Directions for this task: Your reply should be the whole listing, copied exactly, with the pictures left out.

===== Input data =====

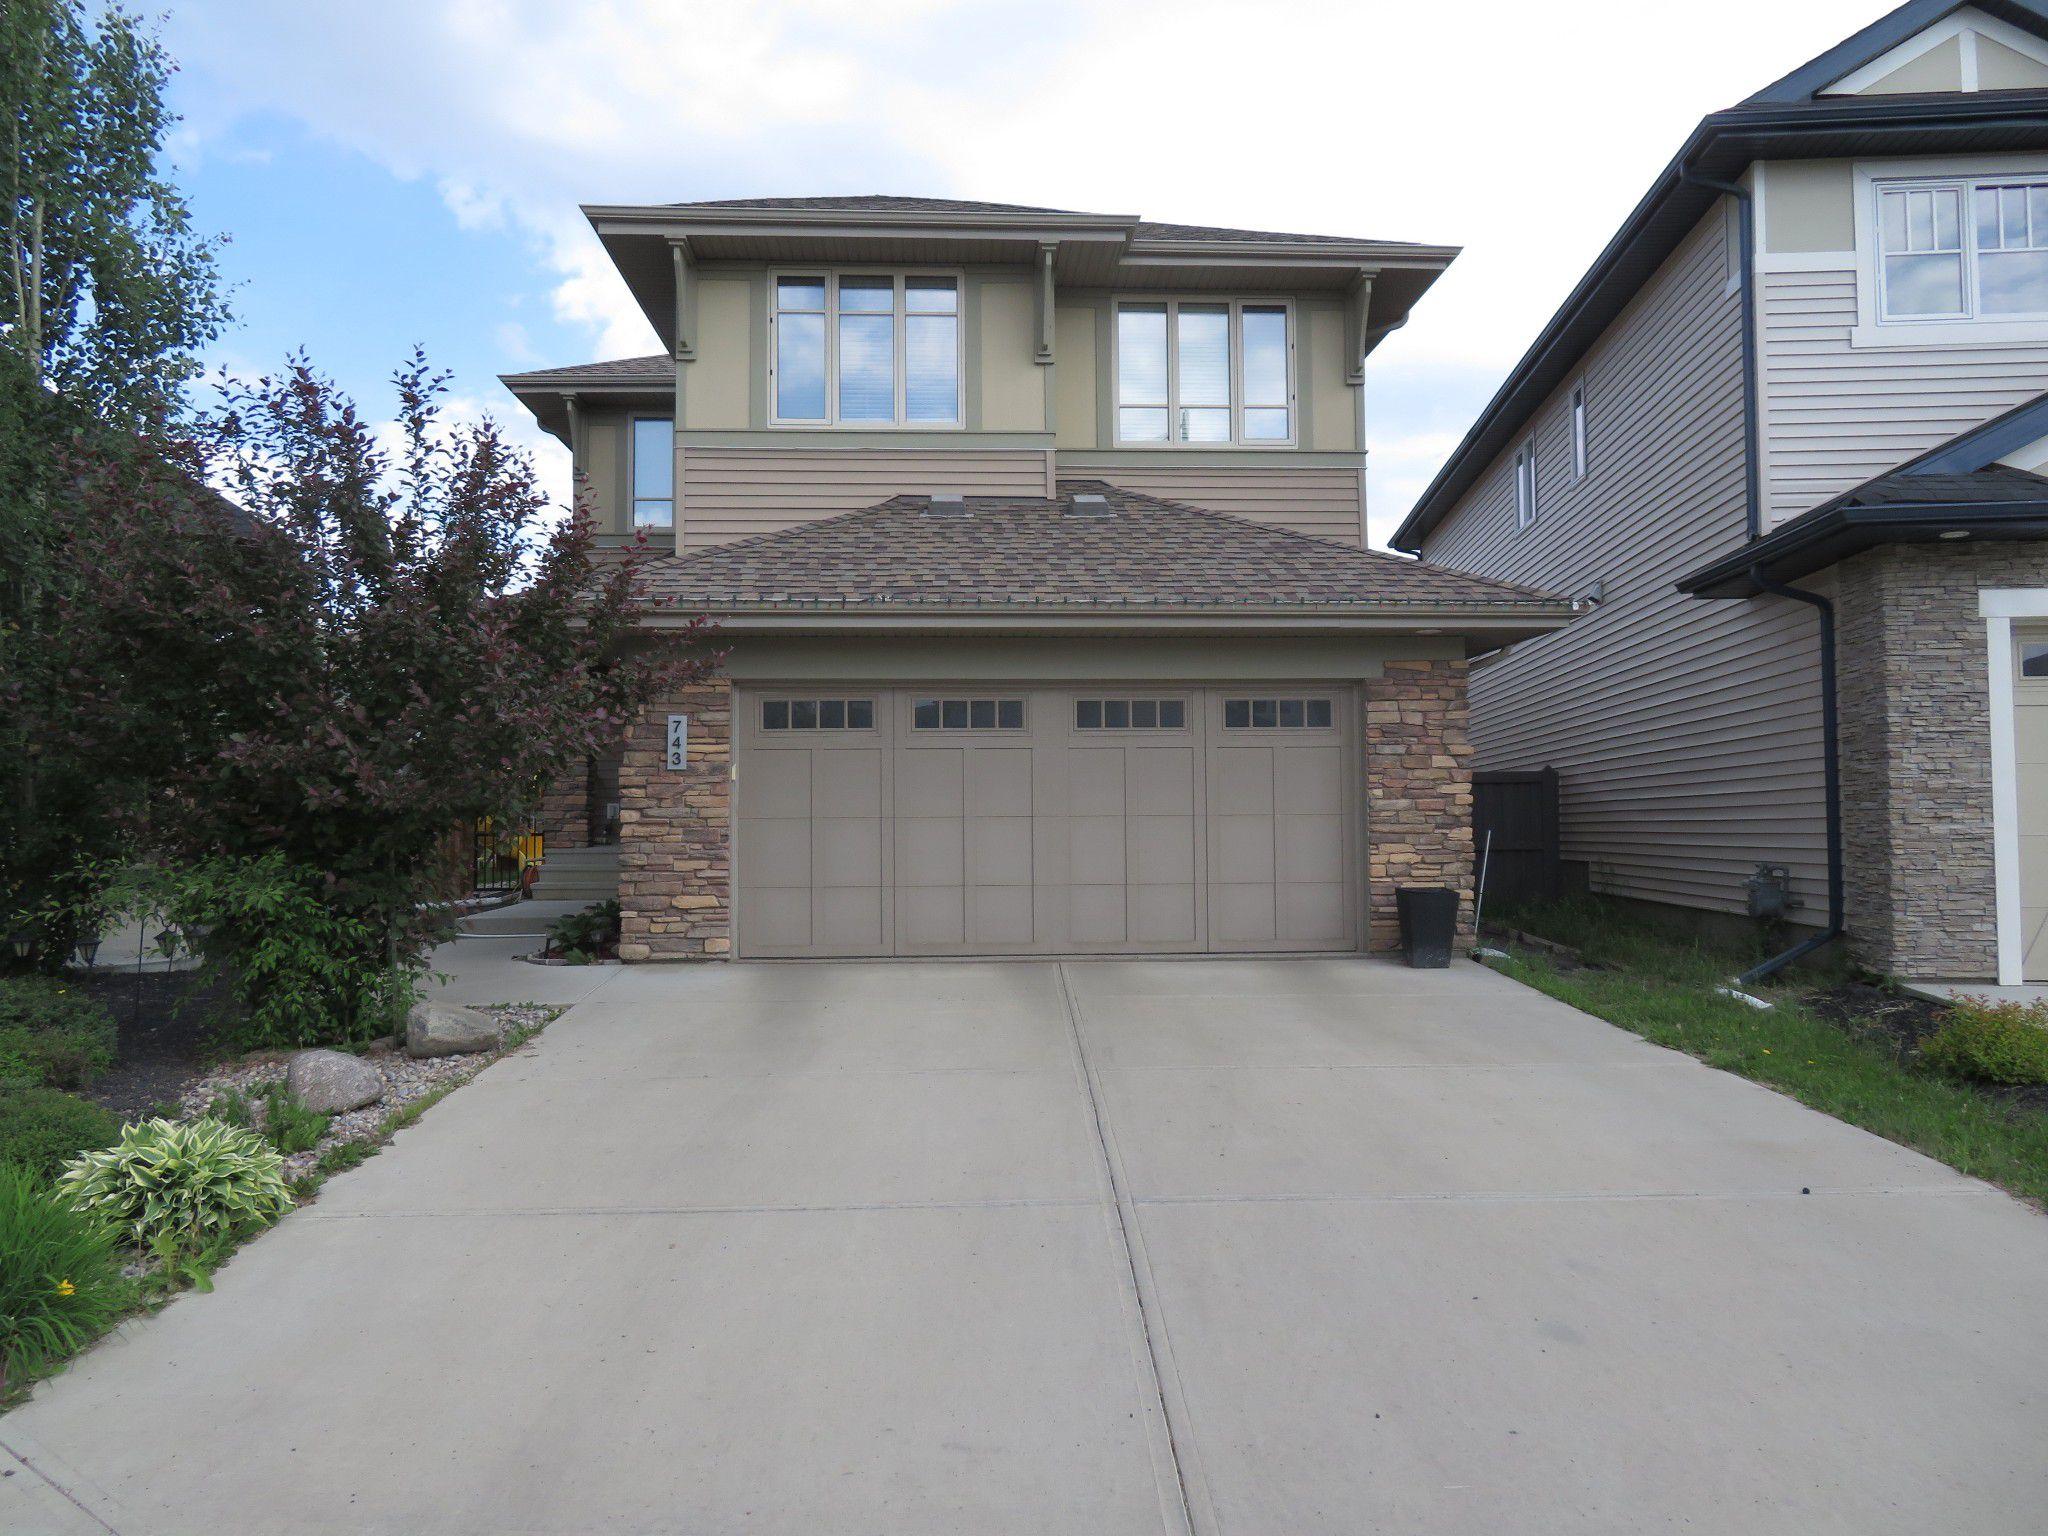 Main Photo: 743 Adams Way SW in EDMONTON: House for sale : MLS®# E4115485
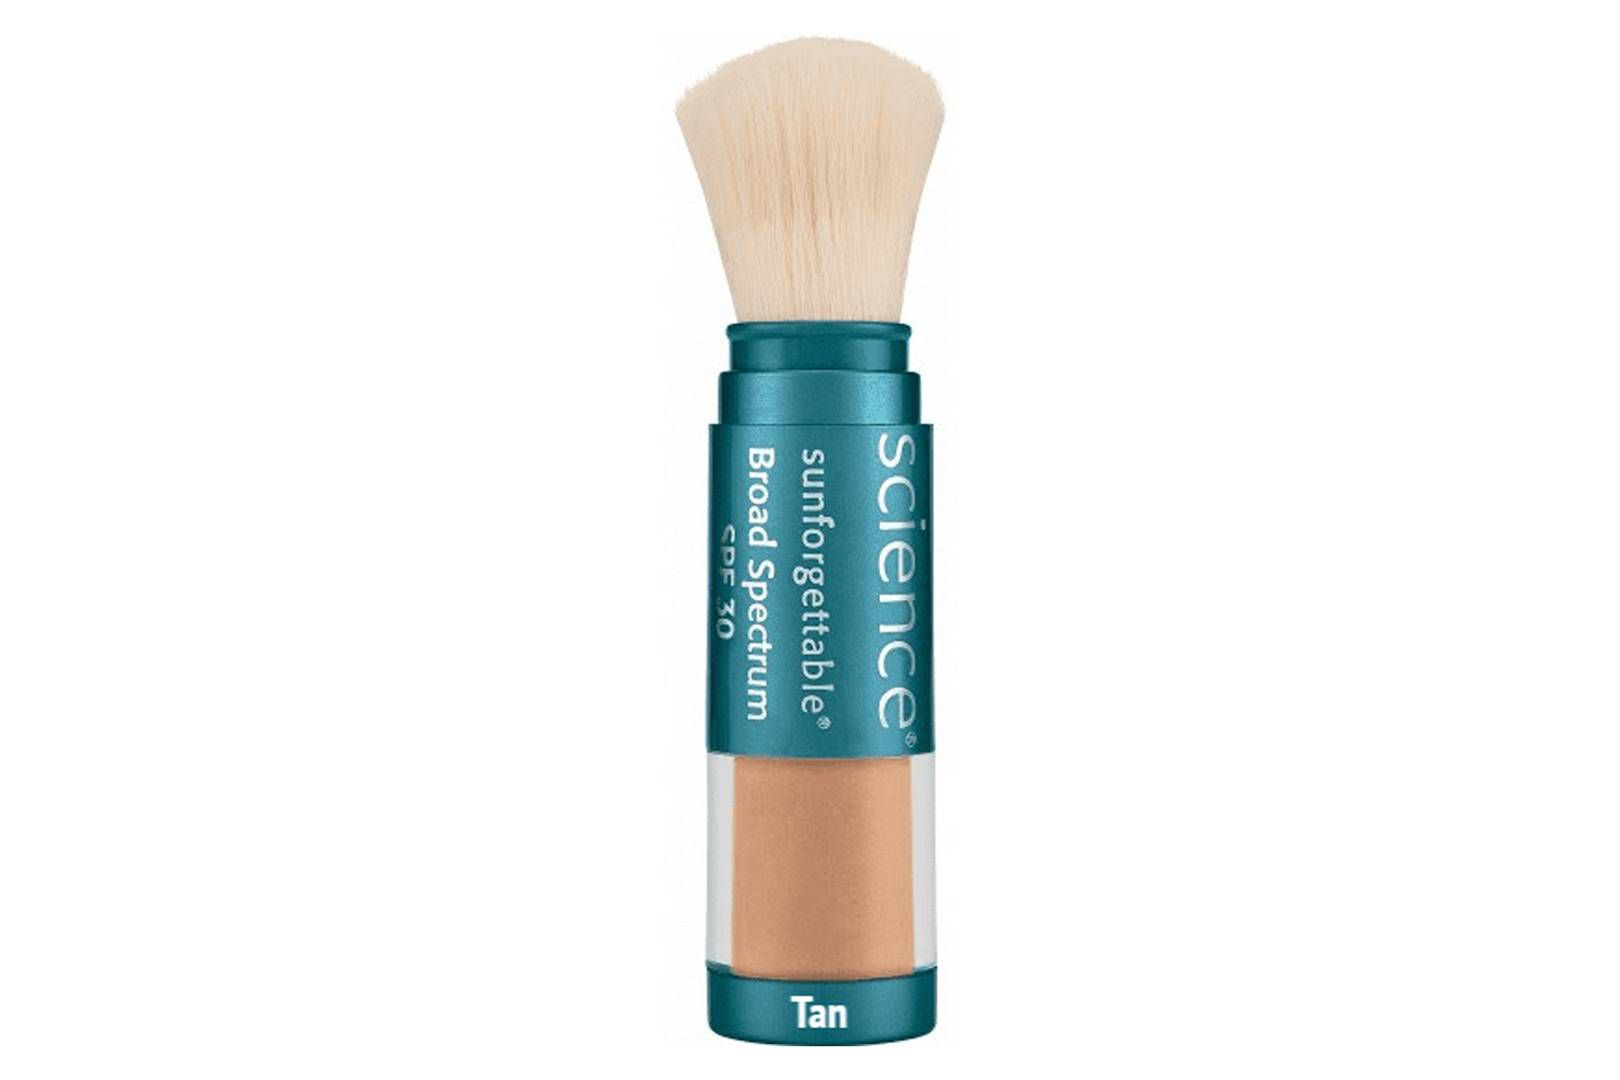 colorscience powder sunscreen
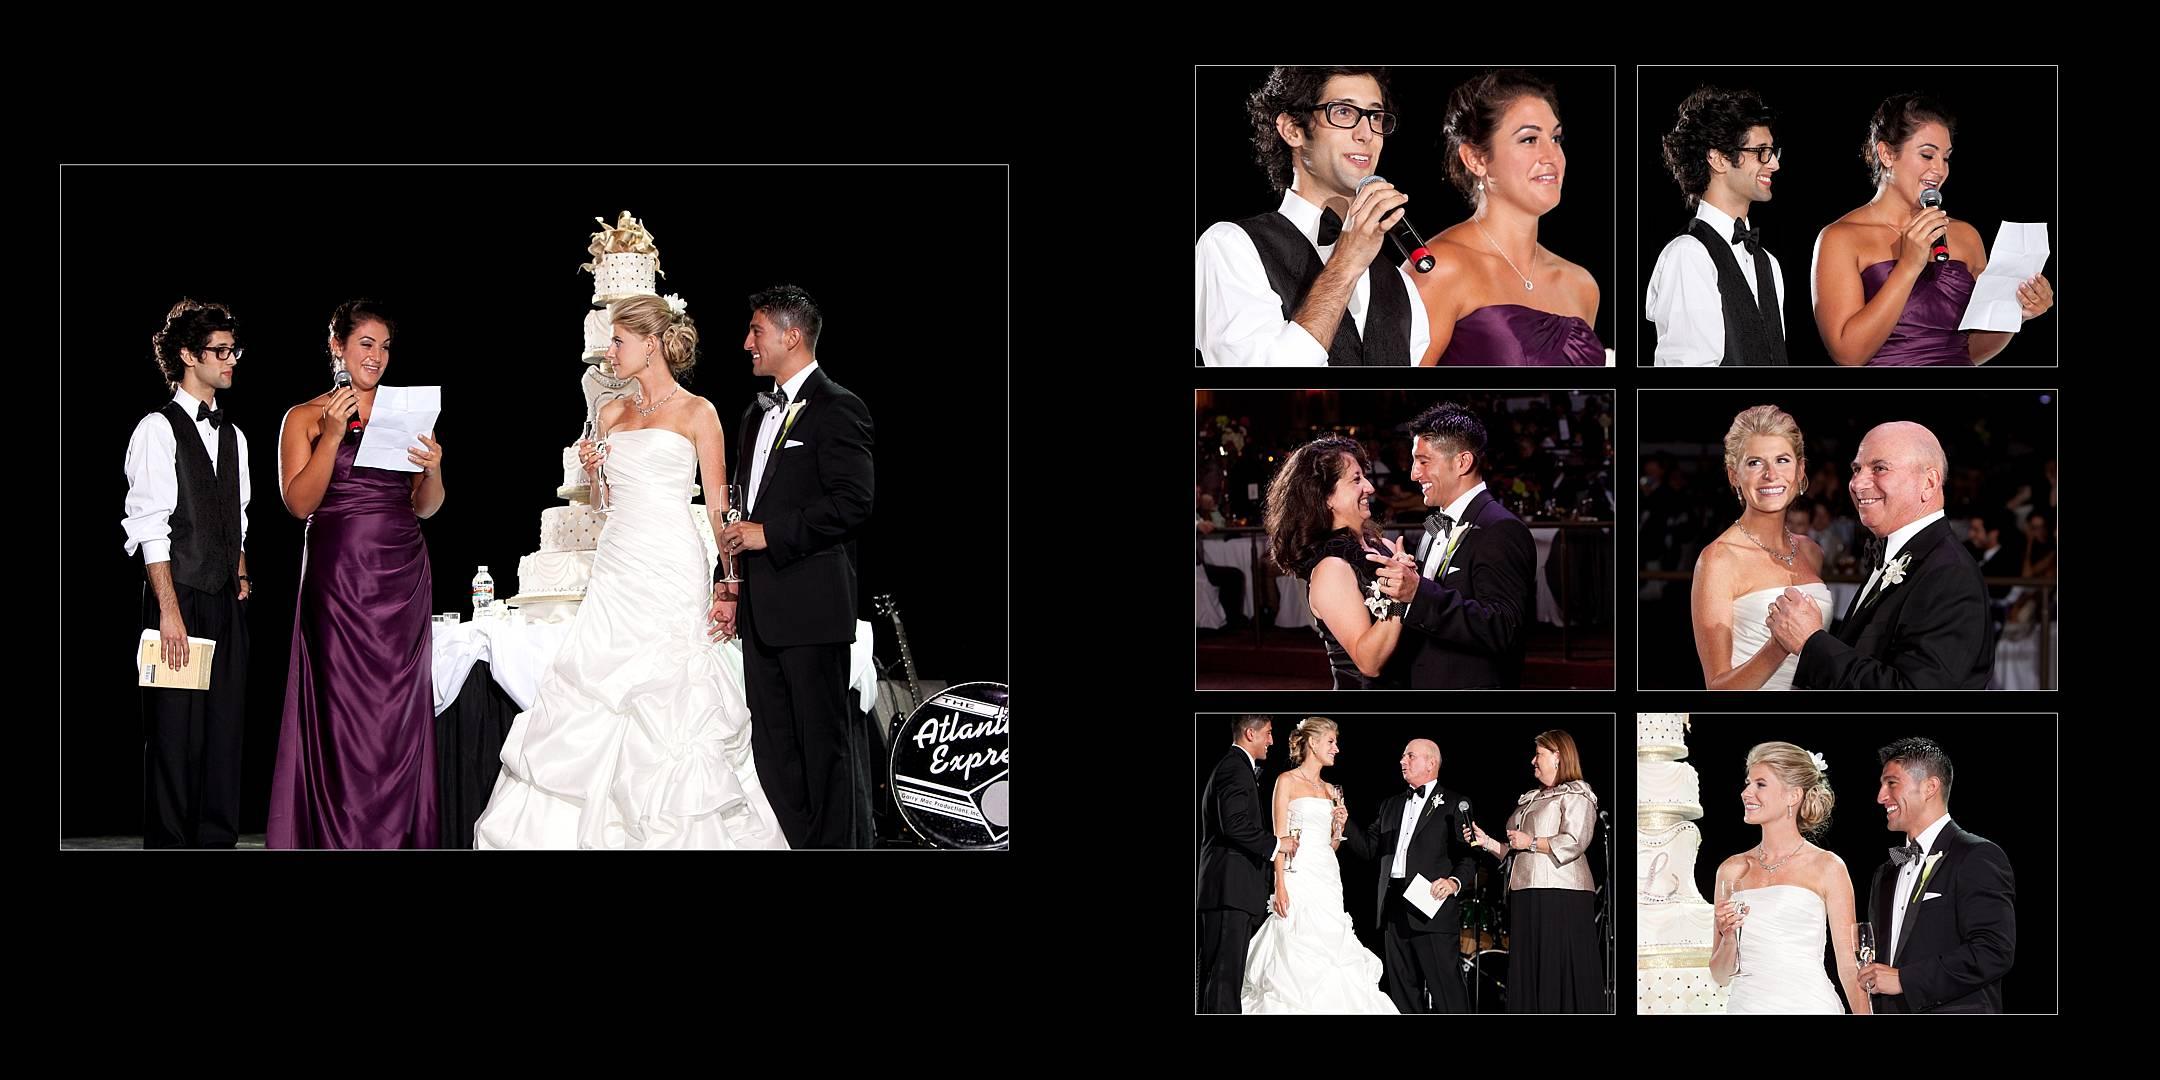 schmidt-photo-wedding-photography-chicago_2308

=====

Task output:
 Main Photo: 743 Adams Way SW in EDMONTON: House for sale : MLS®# E4115485
 colorscience powder sunscreen
 schmidt-photo-wedding-photography-chicago_2308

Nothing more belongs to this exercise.